Product: Policy Brief

Authors: PRB

Date: December 3, 2001

Government policymakers and planners around the world use population projections to gauge future demand for food, water, energy, and services, and to forecast future demographic characteristics. Population projections can alert policymakers to major trends that may affect economic development and help policymakers craft policies that can be adapted for various projection scenarios.

The accuracy of population projections has been attracting more attention, driven by concerns about the possible long-term effects of aging, HIV/AIDS, and other demographic trends. The National Research Council of the U.S. National Academy of Sciences (NAS) convened a panel of experts in 1998 to examine the assumptions, accuracy, and uncertainty related to the most widely used population projections and to recommend ways to improve these projections. After extensive review, the panel concluded in July 2000 that current world population projections to the year 2050 are based on sound scientific evidence and provide plausible forecasts of demographic trends for the world. The panel cautioned, however, that projections for specific countries, for certain population groups, or for longer periods in the future are less certain than global and shorter-range projections.

Users of population projections need to understand the reliability and the limitations of projection series. Awareness of how projections are prepared and the possible sources of uncertainty in the numbers can help policymakers more effectively incorporate projections in their planning process.

 

Who Makes Population Projections?

Most national governments make population projections for their own countries. In addition, a few international organizations prepare population projections for the world, regions, and individual countries. The United Nations (UN) and the U.S. Census Bureau issue revised global and national projections on a regular basis. The UN projections are the most widely used worldwide. Many national governments, international agencies, the media, researchers, and academic institutions rely on UN projections. The World Bank and the International Institute for Applied Systems Analysis (IIASA) also prepare population projections for the world, major regions, and (especially the World Bank) for individual countries. World Bank projections generally are used for planning and for managing projects, while IIASA projections have been used primarily to assess various projection assumptions and methods. Each of these international organizations uses slightly different methodologies, makes varying assumptions about future demographic trends, and begins with slightly different estimates of current population size. Nevertheless, their results fall within a relatively small band for the next 50 years (see Figure 1).


Figure 1

World Population Projections to 2050 and 2100: The United Nations, World Bank, U.S. Census Bureau, and IIASA

*International Institute for Applied Systems Analysis.
Sources: United Nations, Long-Range World Population Projections Based on the 1998 Revision (1999); U.S. Census Bureau, International Data Base, (www.census.gov/ipc/www, accessed July 10, 2001); The World Bank, World Development Indicators 2001 CD-ROM; W. Lutz, W. Sanderson, and S. Scherbov, Nature (Aug. 2, 2001): 543-46; and unpublished data from IIASA.

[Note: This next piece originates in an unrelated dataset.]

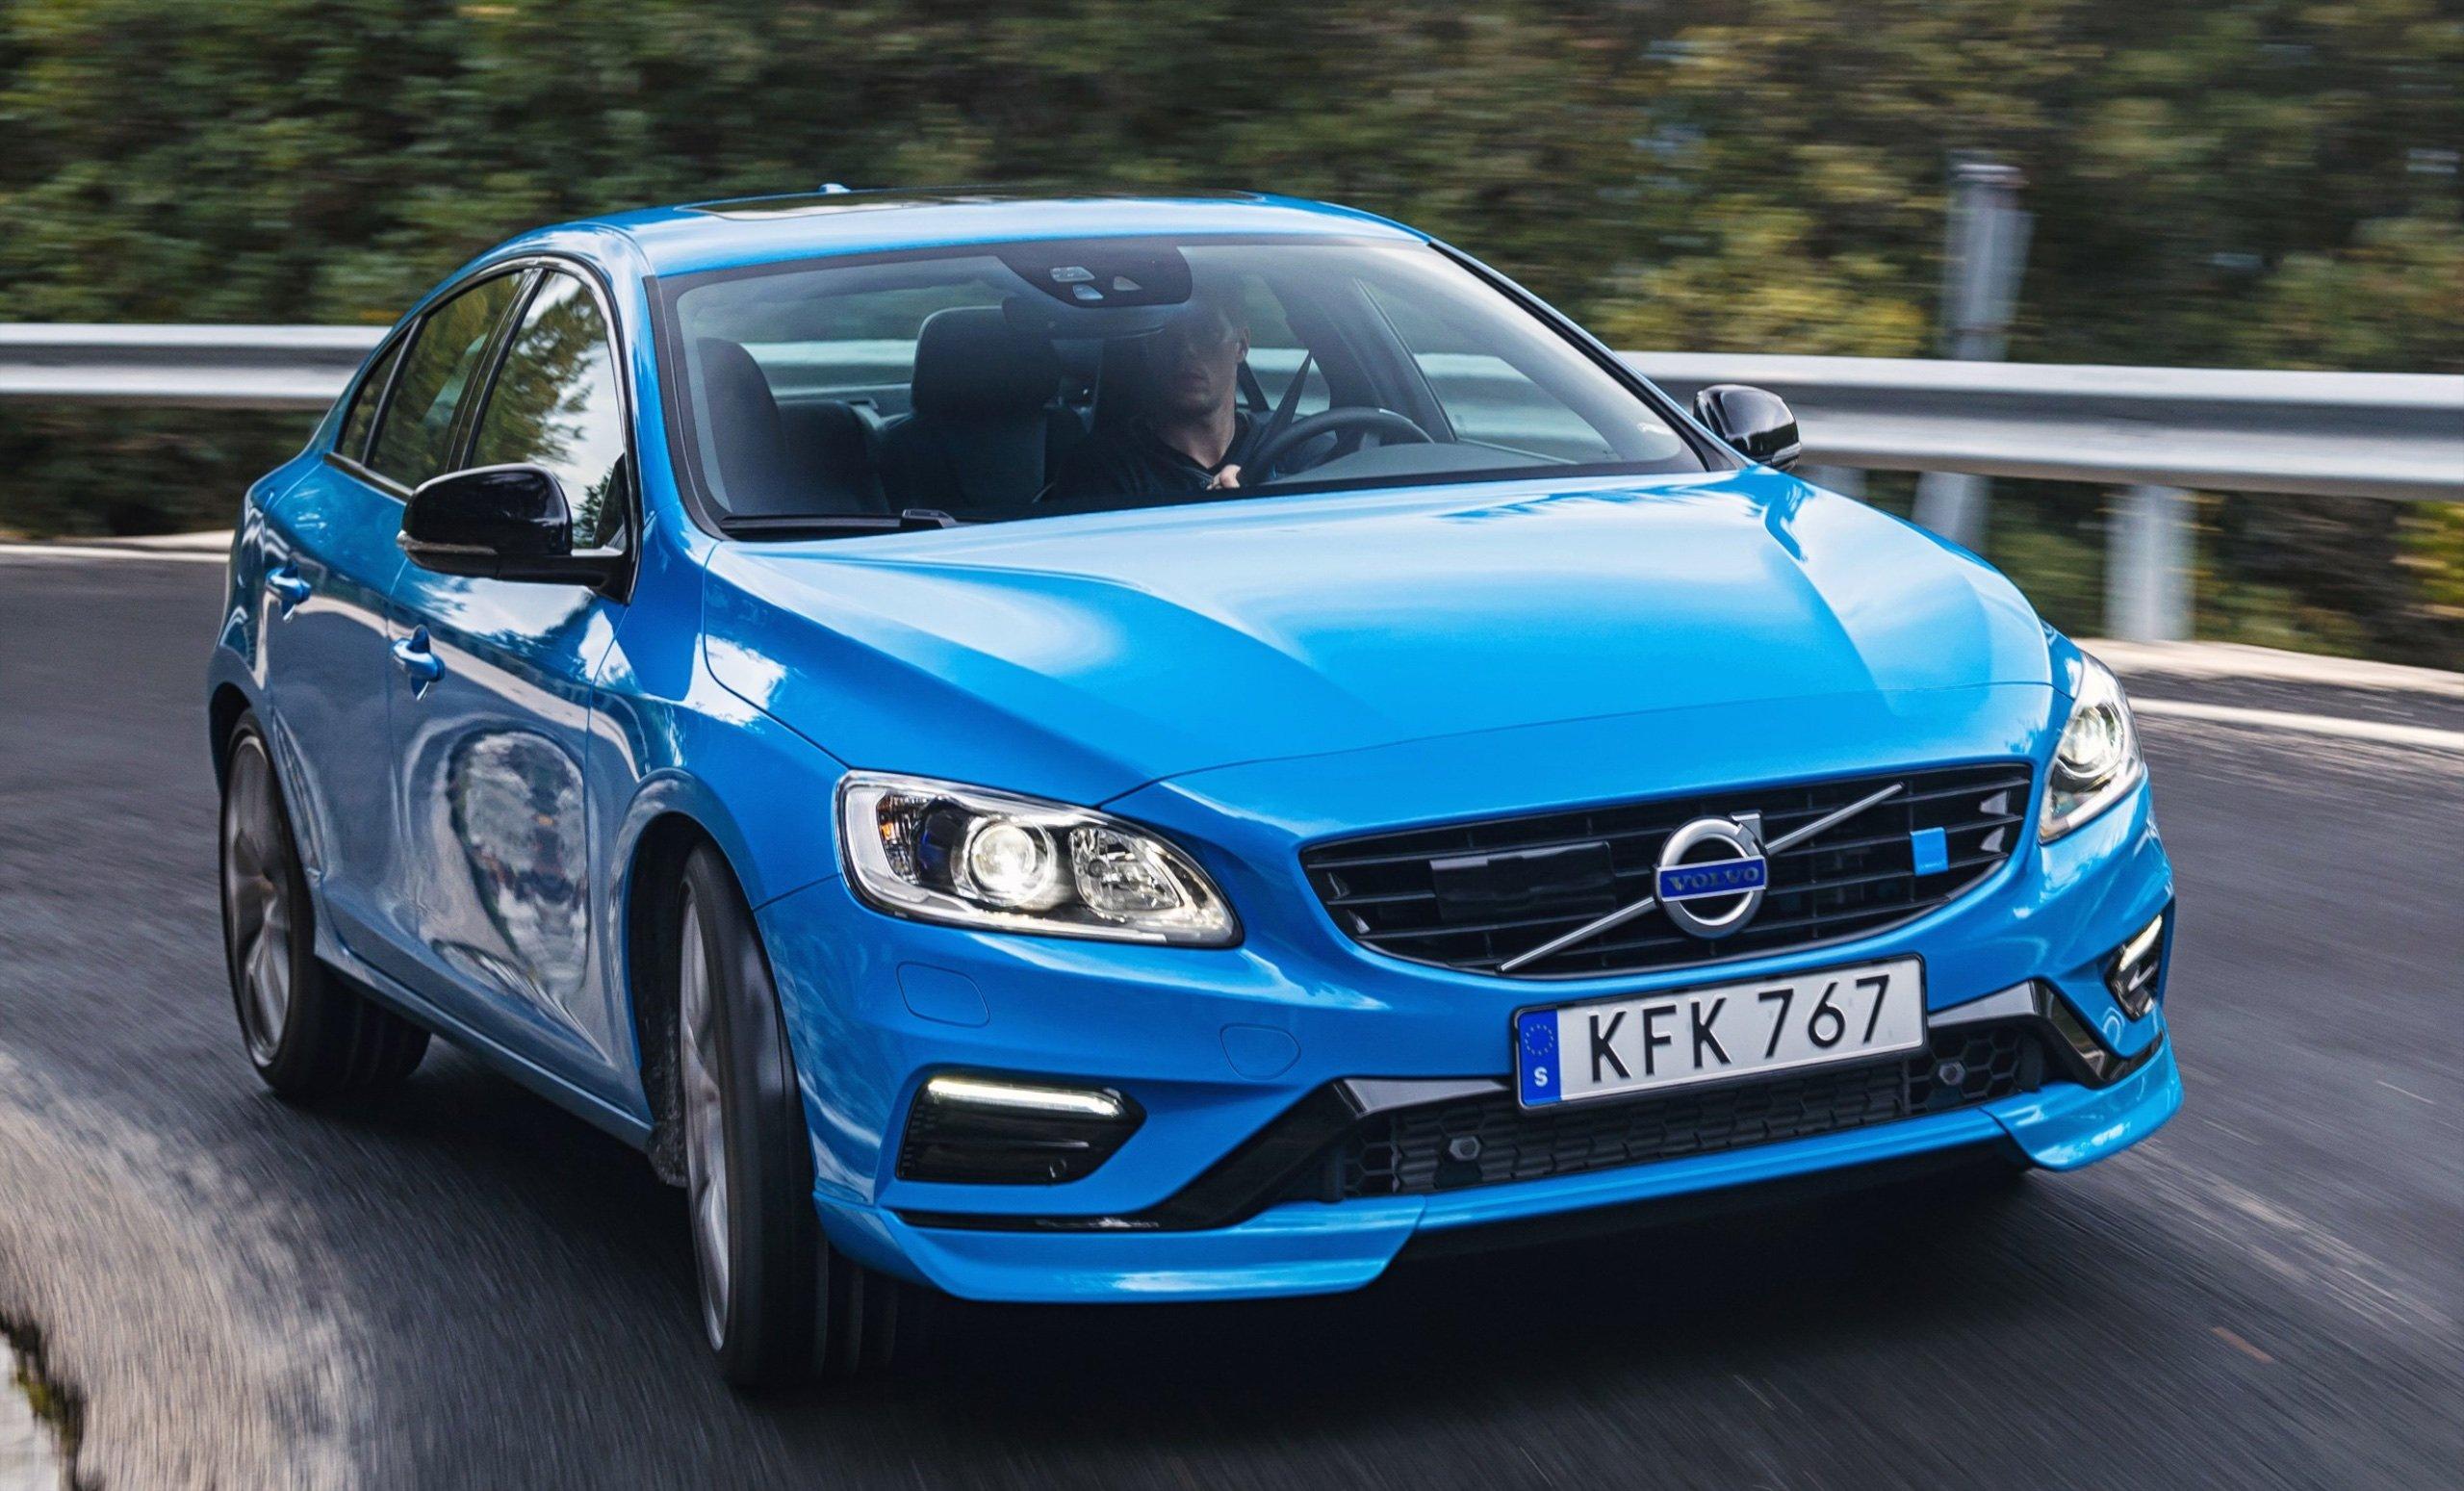 Volvo S60 Polestar >> Volvo rolls out 367 hp, 470 Nm AWD S60/V60 Polestar Paul Tan - Image 470875

How Are Populations Projected?

The population of a geographic area grows or declines through the interaction of three factors: fertility, mortality, and migration. To project population size at a future date, demographers make assumptions about levels of fertility and mortality and about how many people will move into or out of an area before that date. The net population increase or decrease over the period is added to the “baseline” (beginning) population to project future population.

All of the major international agencies that project populations base their projections on current population estimates and assumptions about how fertility, mortality, and migration will change over time. Recent projection methodologies have focused on identifying uncertainty in projections — that is, on developing estimates of the probability that the future population size will fall within a certain range. Demographers try to measure the uncertainty of population projections by consulting other experts; analyzing errors in previous projections; and examining trends in fertility, mortality, and migration.

 

How Accurate Are Projections?

The accuracy of current population projections cannot be directly evaluated, but the success of previous global and country-level projections can be examined. Twelve times since the 1950s, the UN has projected the world population size for the year 2000. All but one of these projections has been off by less than 4 percent.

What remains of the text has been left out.